American coach Jesse Marsch was hired by Leeds on Monday, with the club hoping a late-season change in manager can help to preserve its English Premier League status.
Marsch replaced Marcelo Bielsa, who was fired on Sunday following a dramatic downturn in results and is back in work nearly three months after leaving German team Leipzig.
He was previously at another Red Bull-backed club in Salzburg, which he led to back-to-back league-and-cup doubles in Austria.
Marsch has signed a deal until June 2025, with the appointment pending international clearance.
Leeds has dropped to within two points of the relegation zone after losing five of its last six league games. A 4-0 loss to Tottenham on Saturday proved to be Bielsa’s final match in charge and meant Leeds had let in 20 goals in February — the most conceded in a single month in league history.
“I have to identify how to do the important things and simple things right away, before building the complexity moving forwards,” Marsch said
“We have all the tools here. I’m here to help this group understand how we can get better and handling the moment right now, we have to stay calm and control what we can control.

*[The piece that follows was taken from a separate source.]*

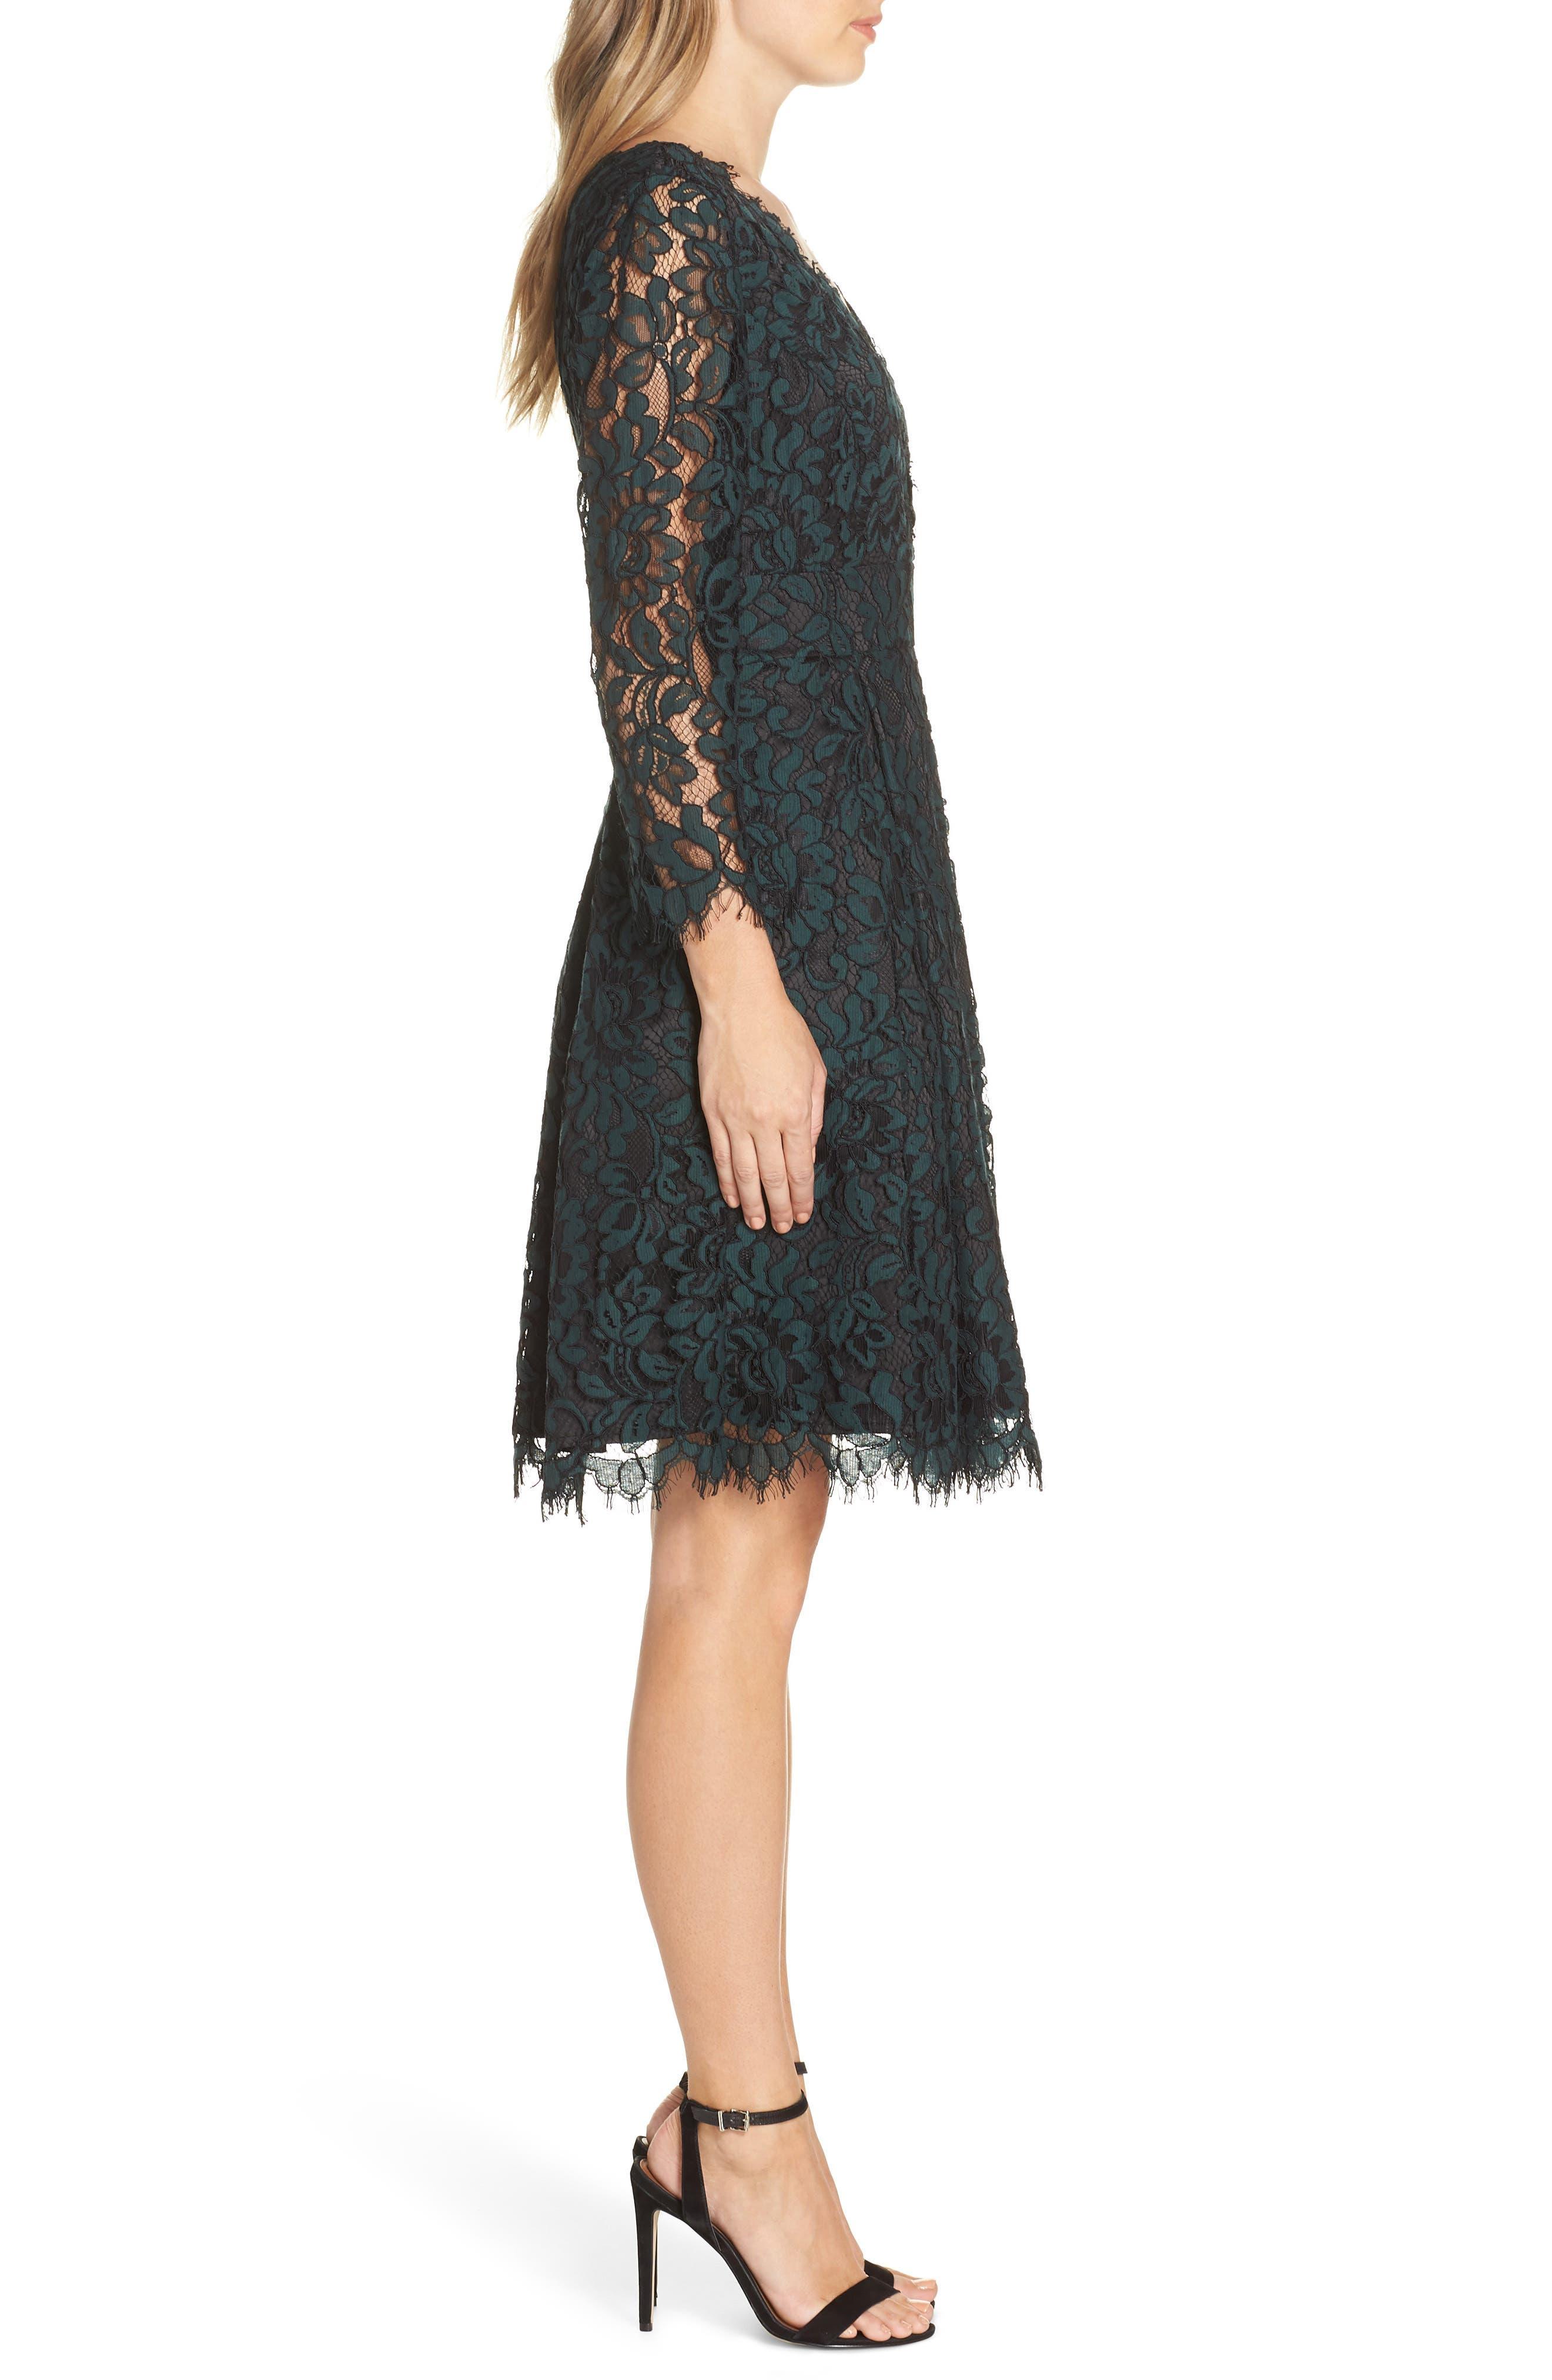 ELIZA J, Lace V-Neck Fit & Flare Dress, Alternate thumbnail 4, color, 310

We are still in a good situation where we control all of our destiny.”
Embedded in the Red Bull project for the last seven years through his coaching roles in New York, Salzburg and for four months at Leipzig, Marsch has an attacking, hard-running, heavy-pressing style that is not too dissimilar to Bielsa’s.
“My style of play, my aggressiveness and the desire I have for teams to be intensive and to run and make things difficult for the opponent fits with what has been done here for 3 1/2 years, (under Bielsa),” the former U.S. midfielder said.
That should make the transition easier for the 48-year-old Marsch at Leeds, though he takes over a team low on confidence and with a number of injuries to key players such as first-choice striker Patrick Bamford, England midfielder Kalvin Phillips and captain Liam Cooper.
Marsch follows fellow American Bob Bradley, who managed Swansea for 85 days in 2016, in coaching in the Premier League. There was also David Wagner, a German-born former U.S. international, who managed Huddersfield in England’s top division from 2017-19.
Marsch’s first game in charge will be against Leicester on Saturday and he acknowledged he has a hard act to follow in Bielsa, who got Leeds back into the Premier League for the first time since 2004 and is one of the world’s most respected coaches.
“I followed his career and watched what he has done from afar and certainly he is a hero here,” Marsch said. “How he has helped transform Leeds United into a Premier League team is pretty amazing.
“For me, I just want help to take the torch to the next phase. Everything that has been done has laid an incredible foundation.”